Pero dije recién: “no todos los policías viven la institución de la
misma manera”. Hay que correrse de los análisis subculturalistas. La policía no
es un mundo aparte y los policías tampoco bajaron en un plato volador o fueron
cultivados adentro de un laboratorio. Son un emergente social. Vivimos en el
mismo barrio, el policía compra la verdura en la misma feria donde vamos
nosotros, lleva a su hijo a la misma escuela donde va el nuestro, miramos el
mismo programa de entretenimiento, gritamos el mismo gol, tomamos el mismo micro,
nos indignan probablemente las mismas cosas, entonces, ese policía –que se
mueve como pez en el agua− no es un extraterrestre. Eso no significa desconocer
que las reglas informales que regulan su quehacer no sean propias del campo,
pero de allí a suponer que se trata de un mundo aparte, con valores exclusivos,
es otro cantar. La mirada policialista de la seguridad (seguridad = policía) no
es patrimonio exclusivo del policía. La estigmatización de los sectores
desaventajados no es una marca registrada de la policía. Tampoco el machismo y
el uso de la violencia para dirimir los conflictos. Entonces: la policía no
constituye una subcultura.
Las camadas más jóvenes, que nacieron en otra Argentina, introdujeron
una serie de tensiones y contradicciones que no hay que subestimar y tampoco
descontar, sobre todo para evitar lecturas catastróficas que pronostican y ven
intentos desestabilizadores por todos lados. No hubo un golpe o intento de
golpe institucional sino un reclamo policial. Que después ese reclamo de la
baja policía haya sido operado por la alta policía ante la irresponsabilidad de
la alta política, es algo que no ignoramos y vamos a explorar más abajo.

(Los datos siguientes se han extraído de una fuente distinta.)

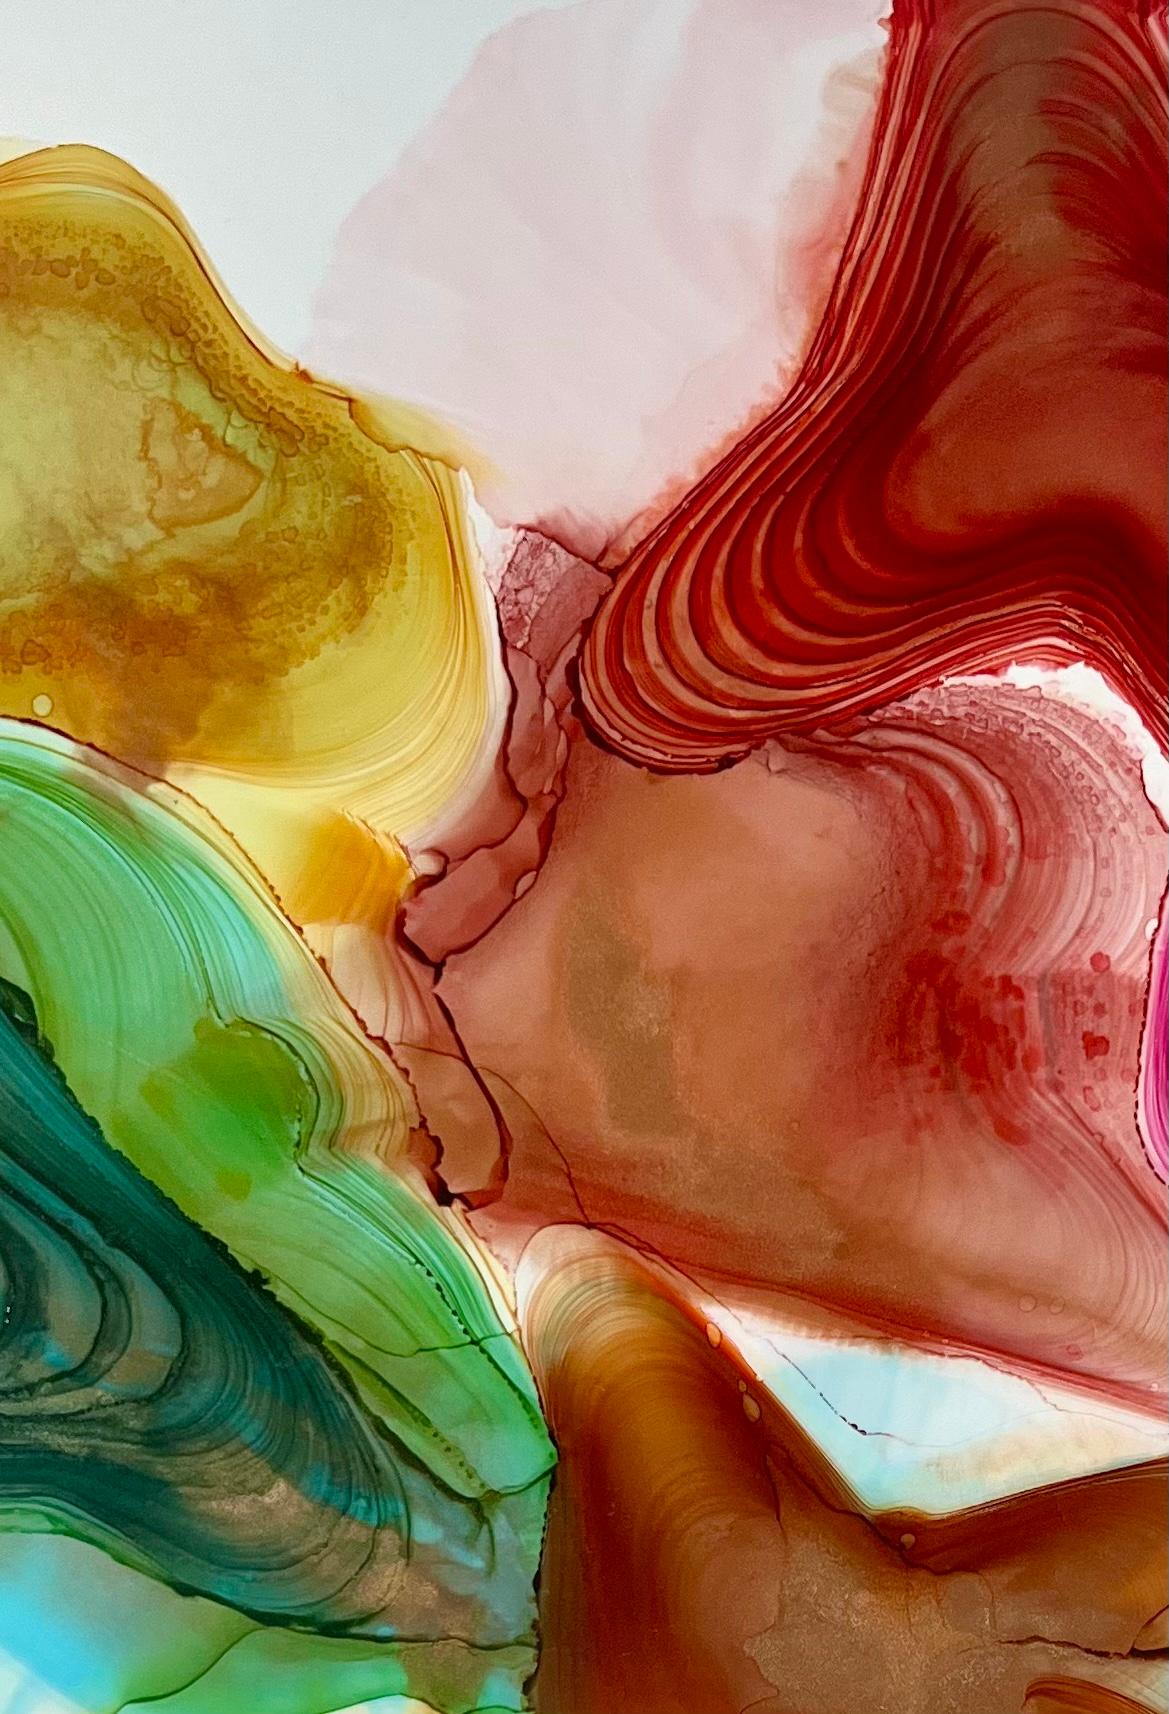 <p>Kommentare des Künstlers<br>Der Künstler Eric Wilson präsentiert ein abstraktes Bild mit energiegeladenen ringförmigen Farbformationen. Die reichen Farbschichten explodieren förmlich auf der Szene. Kräftige Ströme von Rot, Türkis und Gelb

4. Extorsiones policiales:
¿cuál extorsión?
El contraste entre la ampliación de derechos fuera de la institución
policial y la restricción de derechos en su interior, es experimentado por la
baja policía como algo injusto. Esa injusticia no tiene demasiadas chances de
presentarse en la arena pública toda vez que sus integrantes están en una institución
militarizada y son objeto de extorsión recurrente por parte de sus propios
jefes. La militarización de la institución −con su respectiva cadena de mando,
uso de armas, estructura jerárquica, obediencia debida, entre otras
características− esconde el malestar de sus bases, impide que salgan a la
superficie los problemas que tienen, pero también coacciona a sus miembros a
resignarse, es decir, a aceptar con sufrimiento lo que “en suerte” les tocó.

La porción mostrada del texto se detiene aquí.